政府の地震調査委員会は、今回の地震で動いた断層の長さは能登半島北岸に沿う約150キロと見ています。しかし北陸電力が想定していたのは96キロで、3分の2に過小評価していたことになります。
北陸電力の資料によると、この判断の根拠は海底の音波探査の結果でした。この調査方法では、将来起きる地震の規模を評価することが難しいということになれば、ほかの原発の審査にも影響を与えることになります。
北陸電力による地震想定の失敗は、2007年の能登半島地震に続いて2回連続です。 前回も、海底活断層の長さを過小評価していて、想定より大きな揺れに襲われました。
◆道路壊れ避難困難
もう一つ深刻なのは、地震と原発事故が同時に起きる原発震災では、避難が難しいことが目に見える形で実証されたことです。
激震地の輪島市や穴水町、七尾市は原発から30キロの圏内です。全壊した住宅で屋内退避はできません。避難しようにも道路は寸断されています。 避難の夕イミングや方向を決めようにも、放射線のレベルを調べるモニタリングポストが機能を失い、輪島市と穴水町に設置された14力所で計測不能になりました。 情報を得ようにも携帯電話もつながらない。これでは逃げようがありません。
地震のわずか1ヵ月前、経団連の十倉雅和会長が志賀原発を視察し、「一刻も早く再稼働できるよう心から願っている」と述べました。
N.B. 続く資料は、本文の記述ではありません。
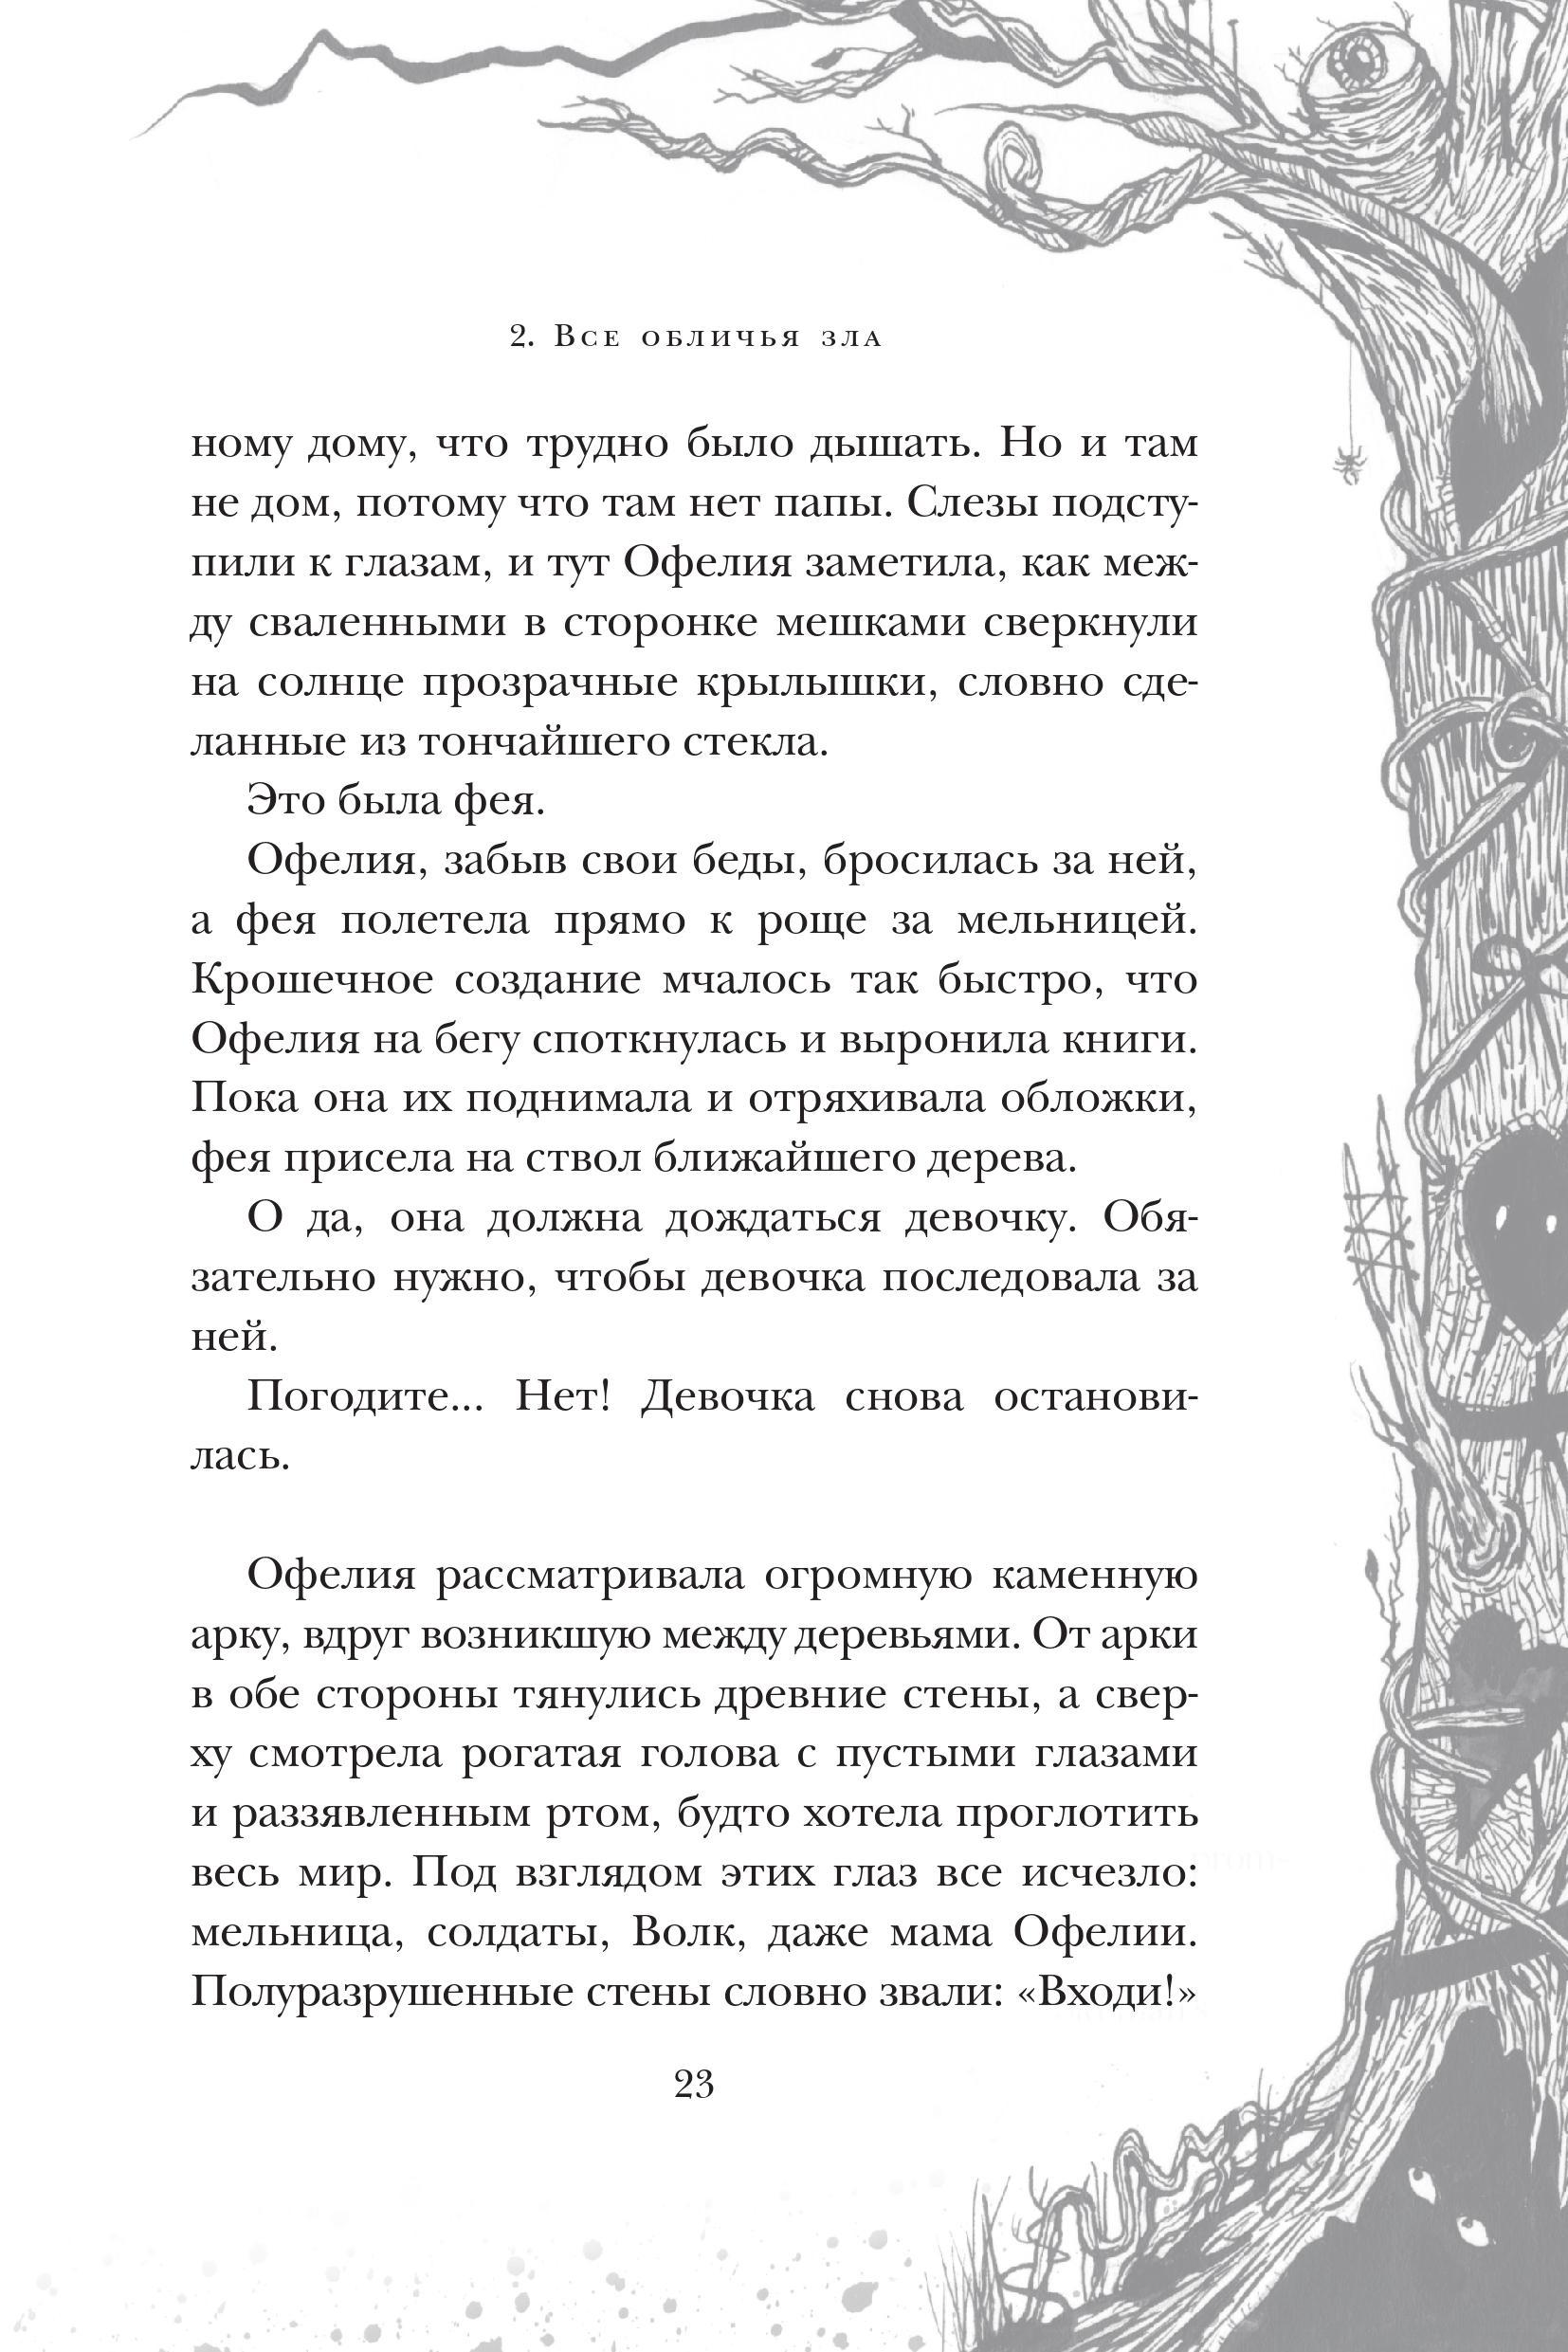 Мрачная сказка: отрывок из книги Гильермо Дель Торо и Корнелии Функе «Лабиринт Фавна» 15

しかし、 北陸電力が活断層の評価を何度も間違え、その原因も究明されず、事故発生時の避難が困難な原発を動かすのは、あまりにも危険です。 今回の地震の影響で、志賀町沖の海底活断層が地震を引き起こしやすい状態になっているという試算もあります。
海底活断層の再評価や、避難計画の実効性の検証は、すでに再稼働している原発でも必須です。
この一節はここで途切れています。